Aline nunca contara a ninguém sobre o que sentia, nem mesmo para Deus – que obviamente já sabia. Todavia, ela guardava esse segredo de todos, às vezes até dela mesma, quando então se confundia toda com os seus sentimentos. Mas a verdade nunca iria ser escondida e uma hora deveria vir à tona: Ela o amava, amava como se ama o primeiro e único amor de sua vida.

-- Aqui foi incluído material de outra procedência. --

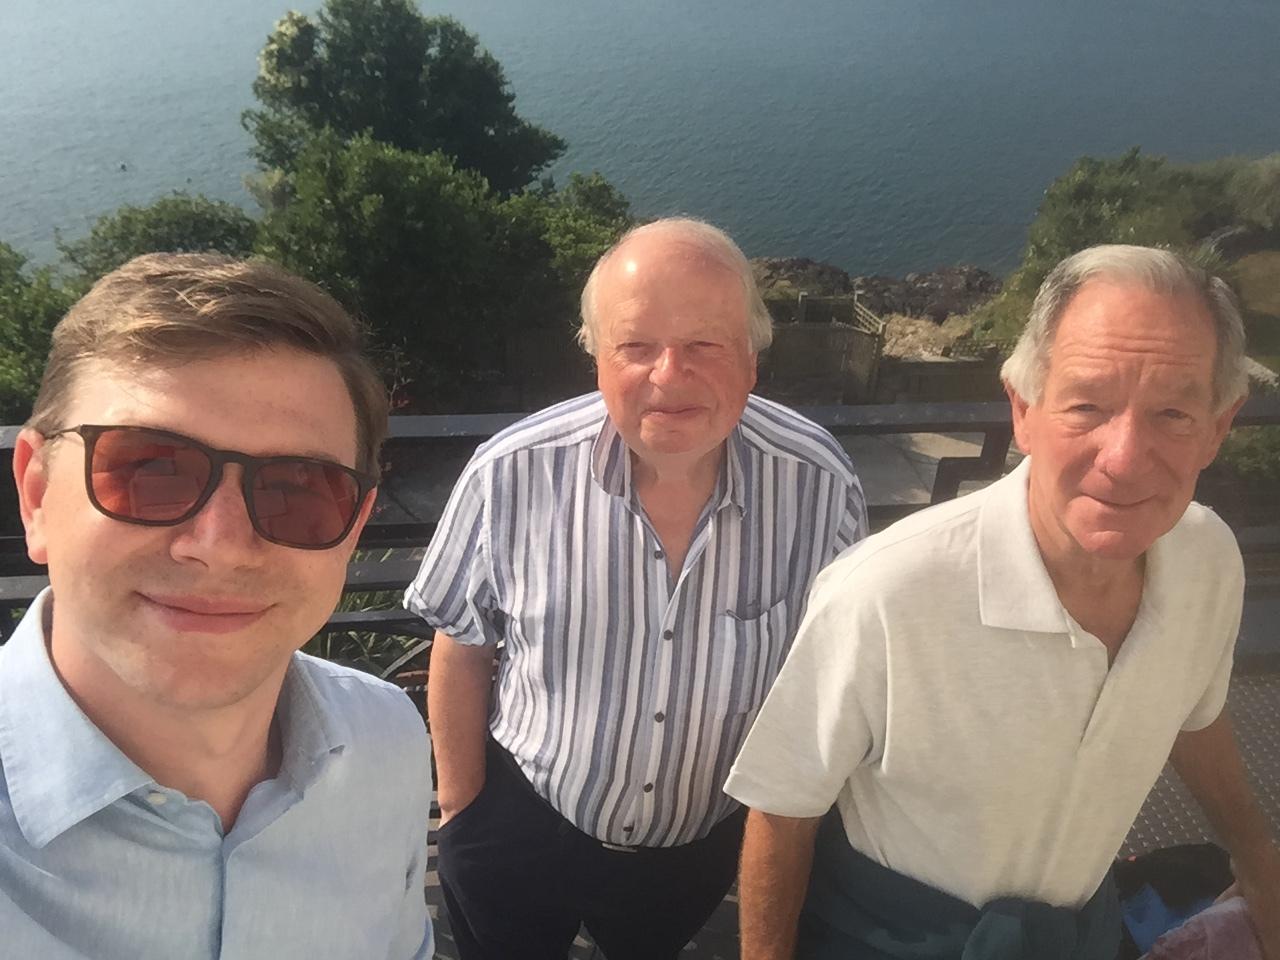 Britain By Boat with John Sergeant & Michael Buerk | Channel 5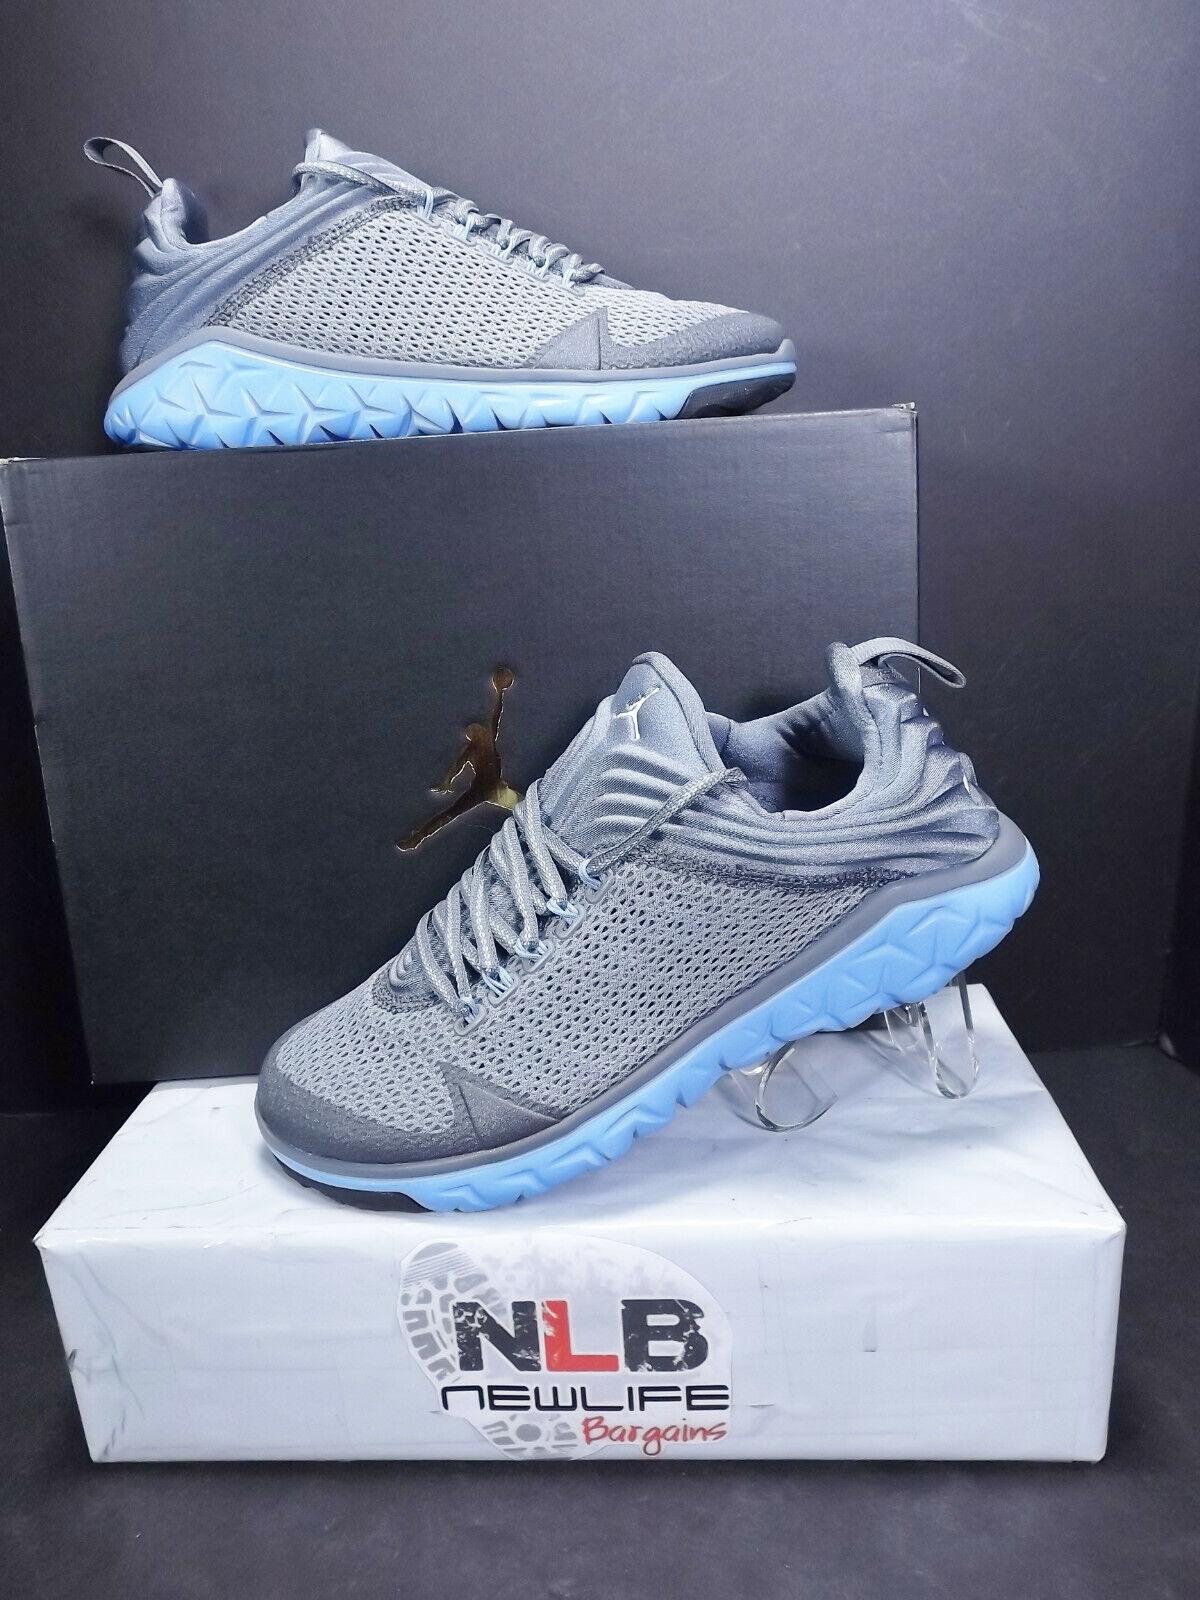 84c292e3c2 Nike Air Jordan Flight Flex Trainer 654268-006 Cool Grey White bluee Men  Size 7

E quando o tempo passou ligeiro, sem ser visto, Aline já estava pronta em frente de casa, esperando pela mãe, pela irmã e pelo pai que dirigiria. Instantes depois, teriam eles entrado no carro, todos felizes, Aline pensativa. Contudo, e se o pai ou a mãe perguntassem o porquê dela estar assim, pensativa? E se a própria irmã notasse algo diferente nela? Não, não poderiam descobrir a verdade! Por isso Aline fingia, e fingia extraordinariamente bem. Assim, nem mesmo as suas verdadeiras amigas poderiam descobrir o seu segredo.
E lá estava ela, mais que bem-arrumada. Porém, ele não notaria, notaria? Será que perceberia que ela estava linda daquele jeito, excepcionalmente, para ele? Seja como for, estava ali com o intuito de prestar um culto, e não para ter um encontro.
– Oi – Era essa simples palavra que deveria fazer Aline congelar, contudo, ela não poderia demonstrar nenhuma expressão em seu rosto, então simplesmente o cumprimentou, usando a mesma palavra que ele usara. E foi como o domingo anterior. E talvez os próximos domingos fossem assim também, desta mesma forma. Nunca mudariam a menos que alguém tomasse alguma atitude.
O culto iria acabar, eles não se falariam mais – pelo menos não como um dia se falaram. Isso porque ambos tinham medo. Ambos tinham medo de se aproximar, e ambos tinham muito mais medo de perder o outro para sempre. O fato é que tudo se tornaria diferente se um soubesse dos sentimentos do outro... Nunca saberiam, entretanto, pois eles escondiam essa verdade para eles mesmos, no mais íntimo de seus corações.